I am just wondering about the options for matching. Particularly, the manual says:

"There are two flavors of matches that should be mentioned [...] The second definition is that a match is defined as the unique combination of the upstream portion of N hits, and the unique location of the downstream partner as defined by a particular geometric constraint. In this case, multiple groupings of hits that are enumerated can map to the same match. This second definition, in the code referred to as a "match_dspos1" since the down-stream (ds) position is defined by a single geometric constraint, reduces the number of matches that need to be considered for output considerably; this makes matching faster and avoids the problem of producing thousands of nearly-identical output files which frustrate post-processing."

But the manual doesn't seem to clearly indicate which options enable or disable match_dspos1.

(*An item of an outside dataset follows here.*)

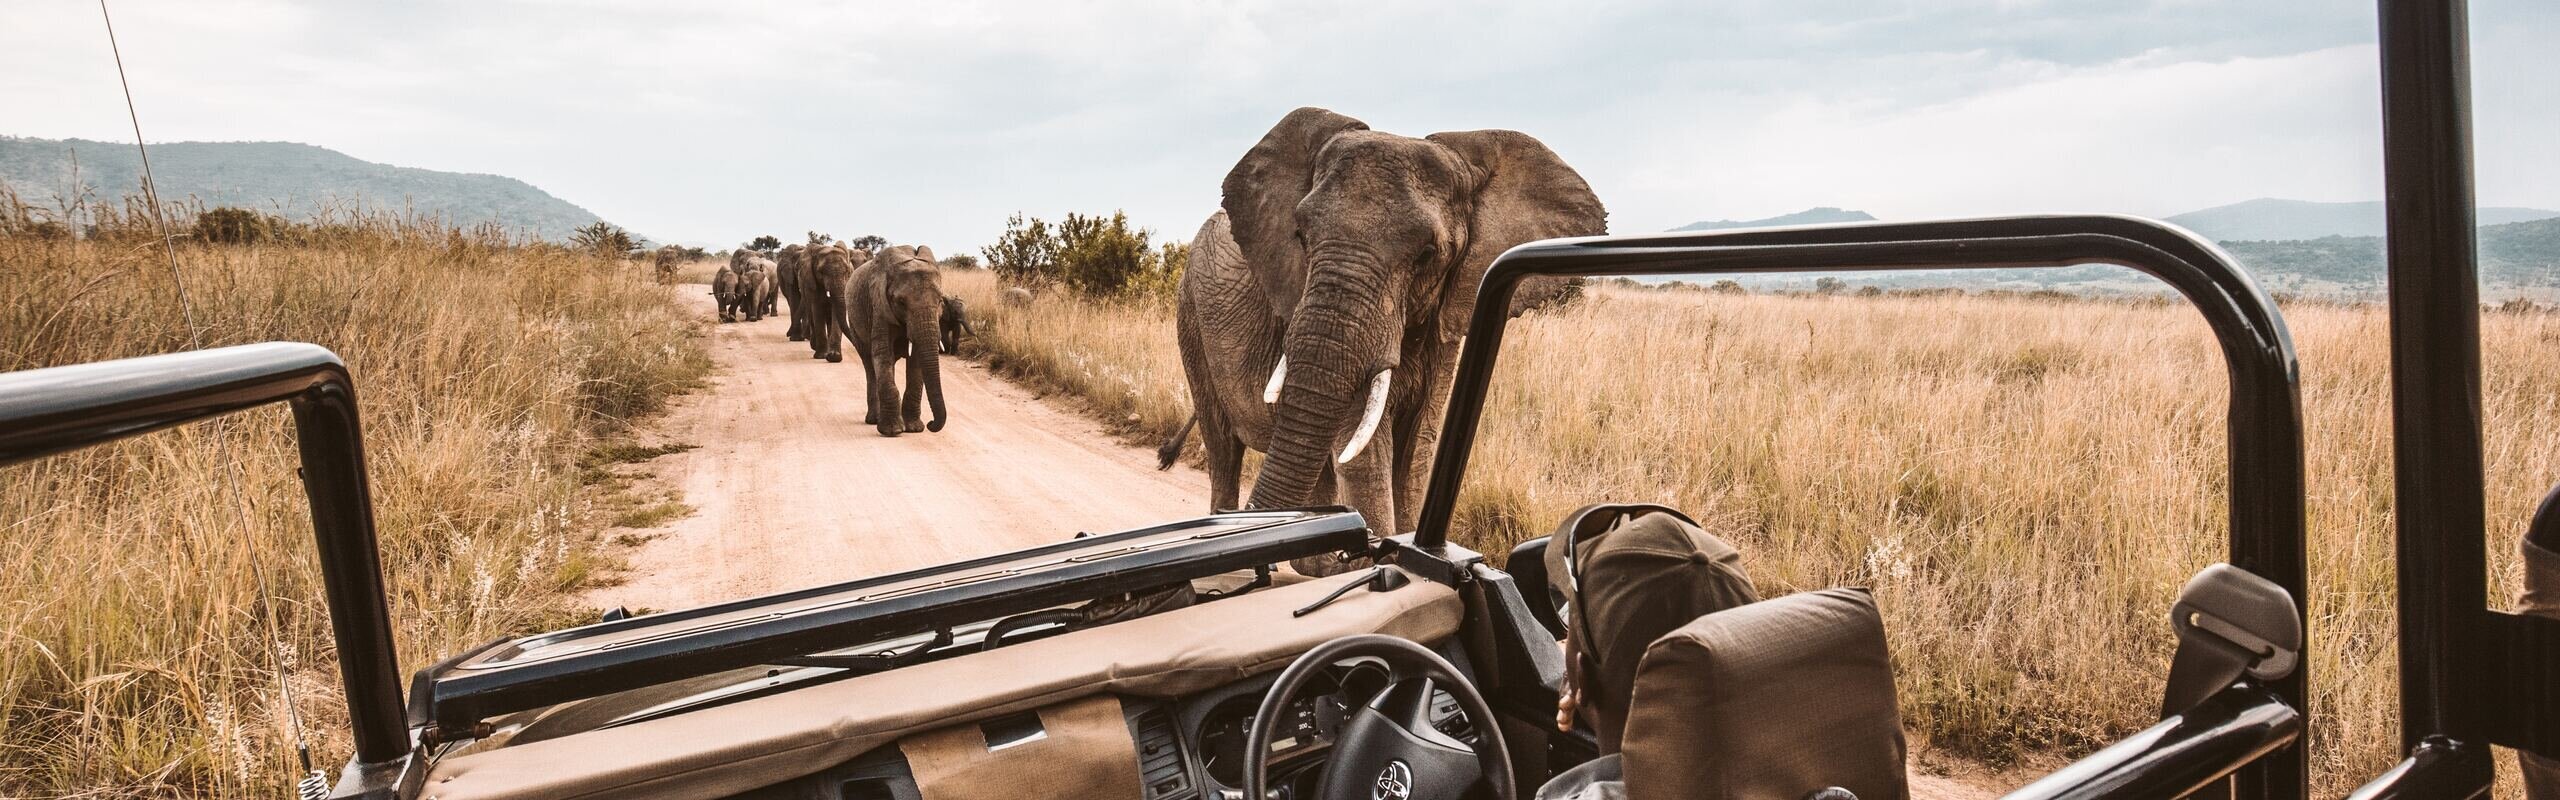 African Safari Travel Guide: Customize  a Personalized Trip
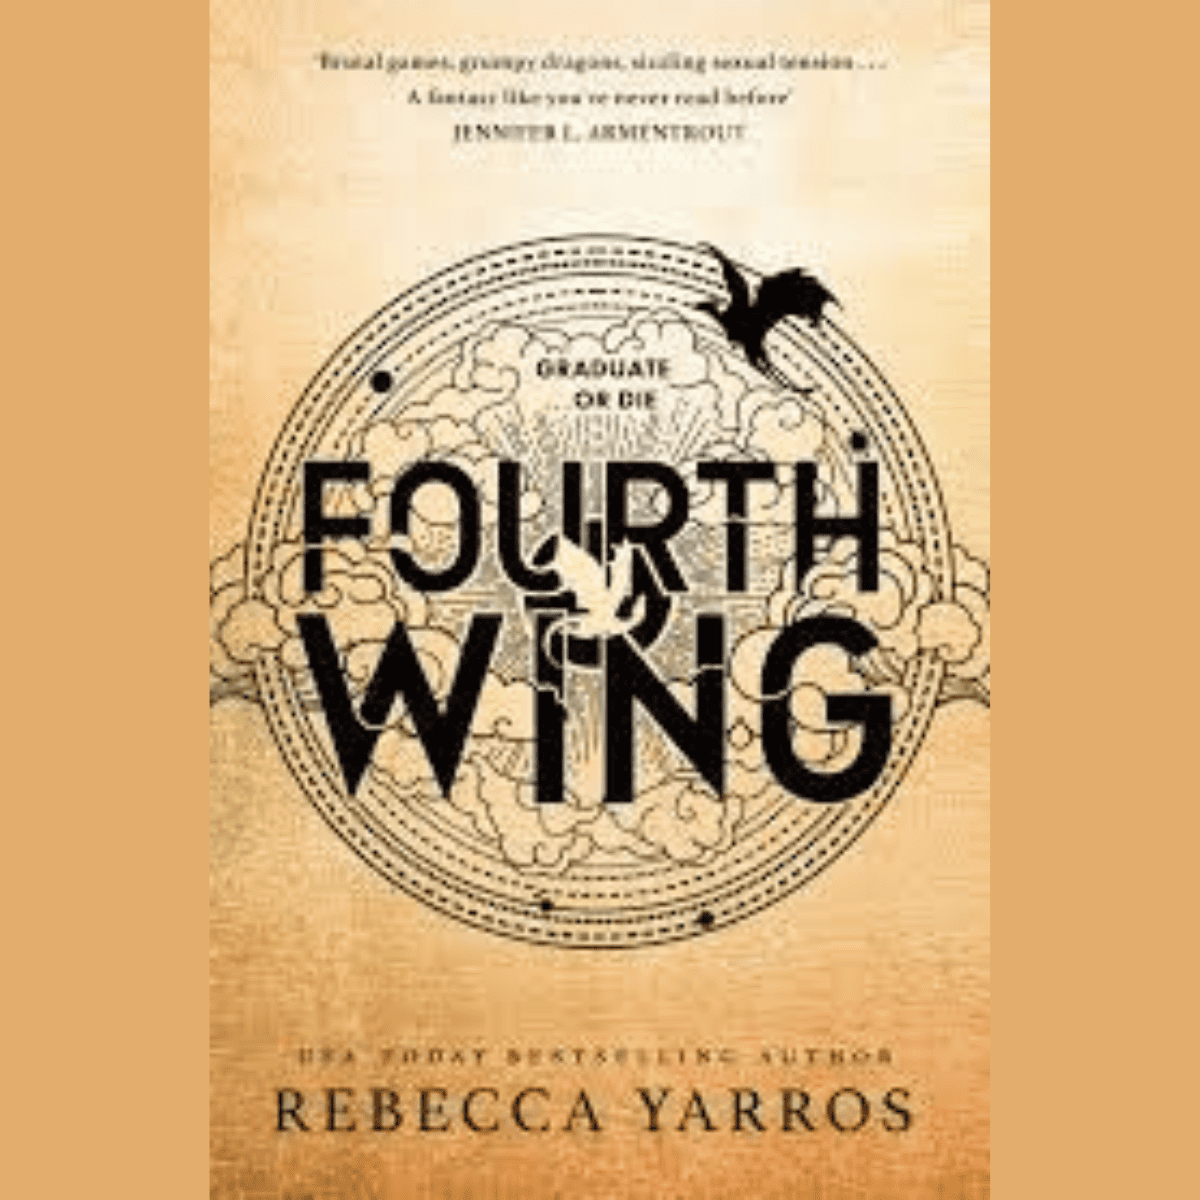 fourth wing by rebecca yarros.

Also, a question to veterans of matcher and enzdes - from your experience what are the best options to enable to speed up matching and minimize redundant or very similar results, while maintaining as many unique matches as possible? How many matches is considered reasonable for subsequent analysis with enzdes? What is the best grouper to use for subsequent enzdes?

Thank you for your advice!

Post Situation: 
Sat, 2012-10-20 09:22
petrikigor

I get the vague impression that it's on by default. I've sent this along to some of the enzyme folks.

Sat, 2012-10-20 09:41
smlewis

To my understanding, that paragraph is simply describing the internal workings of the match outputter machinery, to help you understand the various options for outputting matches. The naive output is to simply output one file for each combination found by the matcher. The problem with that is if you've done fine sampling, you could have two matches which differ only by a slight rotamer shift. If you're going to run enzyme_design on your output matches, this is superflous, as you'll sample both of those during design anyway. But you wouldn't want to scale down the fineness of the rotamer sampling, as you might miss matches which aren't necessarily as "wide" as the oversampled one. The solution is to tweak the match outputter to combine those matches which are more-or-less equivalent from a redesign perspective.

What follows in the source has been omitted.